Но все это было в 20-х годах. Вот уже многие годы, с 32-го года начиная, он не занимался искусством, а служил или зарабатывал на жизнь, кормил семью. Был перед войной консультантом по народному и самодеятельному искусству в областном управлении по делам искусств. В войну, выехав из блокады по ладожскому льду, был один год завучем в Уральском художественном училище. Сразу после войны – реставрировал монументальные росписи в одном старом петербургском здании. А потом – что угодно, потому что умел он все: чертил технические чертежи, малевал плакаты по технике безопасности…

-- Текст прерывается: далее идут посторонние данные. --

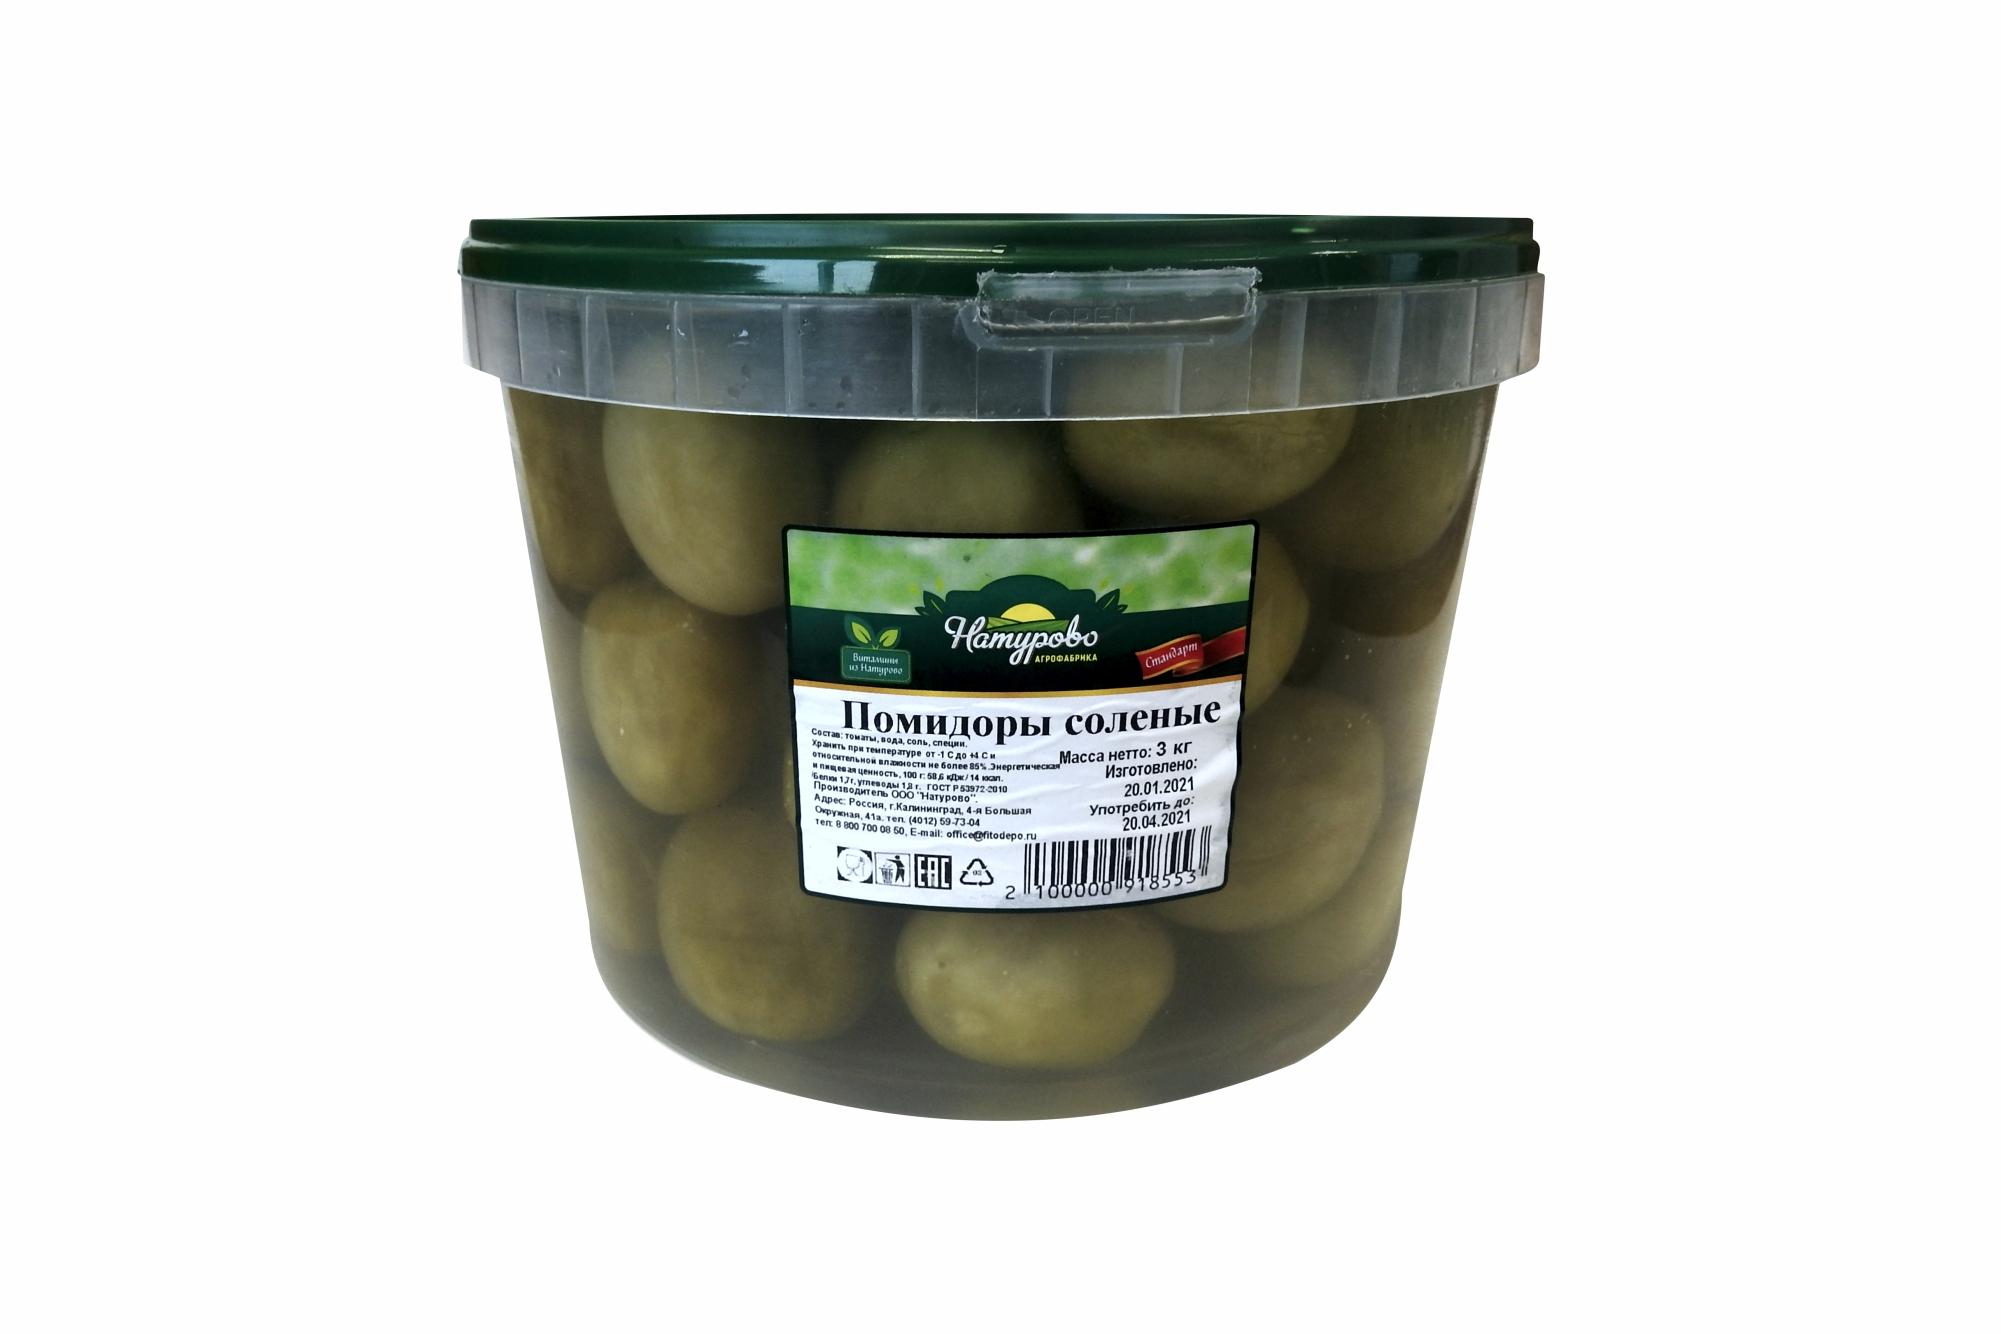 https://naturovo.ru/wp-content/uploads/2016/01/pomidory-solenye-3kg.jpg

Искусством, для себя, он занимался месяц в году, давая себе творческий отпуск, чтобы не разучиться держать в руке кисть и карандаш. Свой месяц в году он писал пейзажные этюды на Волге, или в Крыму, или на Рижском взморье, или просто в царскосельских парках. Либо писал натюрморты. Но в выставках не участвовал. И в какой-то момент, видно, сам усомнился в себе: сохранился ли в нем художник? И написал тогда – это было в 52-м, хорошо помню, – два натюрморта, которые назвал полушутя «эрмитажными». Они и были эрмитажные по уровню. Он долго не продавал их, но потом, в какую-то очень безденежную полосу, все же продал, и они канули в никуда. С этих двух натюрмортов я и оценил его, понял, какого отца имею, а было мне уже девятнадцать лет. Но затем он снова впал в прежнее состояние. Он был художником в состоянии анабиоза.

Но в состоянии анабиоза находилась и вся наша культура. И длилось это где-то приблизительно с того же самого 32-го, с момента образования «творческих» союзов, созданных для порабощения и уничтожения творческой интеллигенции. А может быть, и раньше, с 30-го? И длилось, и длилось, и длилось…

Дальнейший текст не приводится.